[Stored records]
▶
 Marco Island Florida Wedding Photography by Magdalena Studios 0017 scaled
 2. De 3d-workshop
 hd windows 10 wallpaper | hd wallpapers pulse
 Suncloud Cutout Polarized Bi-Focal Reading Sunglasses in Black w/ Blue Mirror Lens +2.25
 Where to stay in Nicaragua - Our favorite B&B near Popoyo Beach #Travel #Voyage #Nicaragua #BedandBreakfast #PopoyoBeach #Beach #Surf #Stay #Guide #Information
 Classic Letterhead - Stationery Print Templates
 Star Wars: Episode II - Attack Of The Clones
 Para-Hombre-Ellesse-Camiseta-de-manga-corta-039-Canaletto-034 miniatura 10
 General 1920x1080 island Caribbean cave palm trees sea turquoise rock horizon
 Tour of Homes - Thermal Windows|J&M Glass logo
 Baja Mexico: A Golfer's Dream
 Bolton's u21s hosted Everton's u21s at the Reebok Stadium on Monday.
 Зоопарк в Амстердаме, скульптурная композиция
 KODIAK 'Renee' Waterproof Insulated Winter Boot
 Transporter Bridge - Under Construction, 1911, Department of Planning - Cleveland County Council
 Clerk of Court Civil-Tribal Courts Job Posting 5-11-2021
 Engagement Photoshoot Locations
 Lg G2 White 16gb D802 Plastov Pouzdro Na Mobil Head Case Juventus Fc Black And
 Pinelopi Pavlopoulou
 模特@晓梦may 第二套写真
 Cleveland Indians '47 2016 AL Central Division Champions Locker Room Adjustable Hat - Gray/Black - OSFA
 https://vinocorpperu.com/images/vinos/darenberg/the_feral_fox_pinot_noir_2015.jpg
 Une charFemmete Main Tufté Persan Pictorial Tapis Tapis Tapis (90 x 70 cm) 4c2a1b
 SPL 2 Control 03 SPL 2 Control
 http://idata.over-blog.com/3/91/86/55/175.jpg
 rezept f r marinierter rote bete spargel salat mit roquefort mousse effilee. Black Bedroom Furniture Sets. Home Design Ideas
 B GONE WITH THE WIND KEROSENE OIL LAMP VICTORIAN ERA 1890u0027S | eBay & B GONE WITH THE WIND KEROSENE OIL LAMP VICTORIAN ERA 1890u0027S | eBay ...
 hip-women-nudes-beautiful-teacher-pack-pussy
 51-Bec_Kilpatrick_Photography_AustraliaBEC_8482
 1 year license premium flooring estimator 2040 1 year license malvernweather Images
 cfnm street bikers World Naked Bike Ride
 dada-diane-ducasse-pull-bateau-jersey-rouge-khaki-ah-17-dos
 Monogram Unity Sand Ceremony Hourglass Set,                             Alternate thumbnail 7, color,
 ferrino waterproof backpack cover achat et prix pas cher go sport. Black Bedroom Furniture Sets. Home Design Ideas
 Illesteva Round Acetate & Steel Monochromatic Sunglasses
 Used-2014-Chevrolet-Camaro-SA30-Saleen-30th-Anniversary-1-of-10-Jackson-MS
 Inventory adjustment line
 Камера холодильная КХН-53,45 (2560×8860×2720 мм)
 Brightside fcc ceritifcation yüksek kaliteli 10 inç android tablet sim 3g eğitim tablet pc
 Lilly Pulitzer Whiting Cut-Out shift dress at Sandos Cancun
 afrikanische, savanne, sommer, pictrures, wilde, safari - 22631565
◀
Task prompt | Can you repeat, word for word, every line above from the one containing "1 year license premium" down to the one containing "Камера холодильная КХН-53,45", including both?

Answer box |
 1 year license premium flooring estimator 2040 1 year license malvernweather Images
 cfnm street bikers World Naked Bike Ride
 dada-diane-ducasse-pull-bateau-jersey-rouge-khaki-ah-17-dos
 Monogram Unity Sand Ceremony Hourglass Set,                             Alternate thumbnail 7, color,
 ferrino waterproof backpack cover achat et prix pas cher go sport. Black Bedroom Furniture Sets. Home Design Ideas
 Illesteva Round Acetate & Steel Monochromatic Sunglasses
 Used-2014-Chevrolet-Camaro-SA30-Saleen-30th-Anniversary-1-of-10-Jackson-MS
 Inventory adjustment line
 Камера холодильная КХН-53,45 (2560×8860×2720 мм)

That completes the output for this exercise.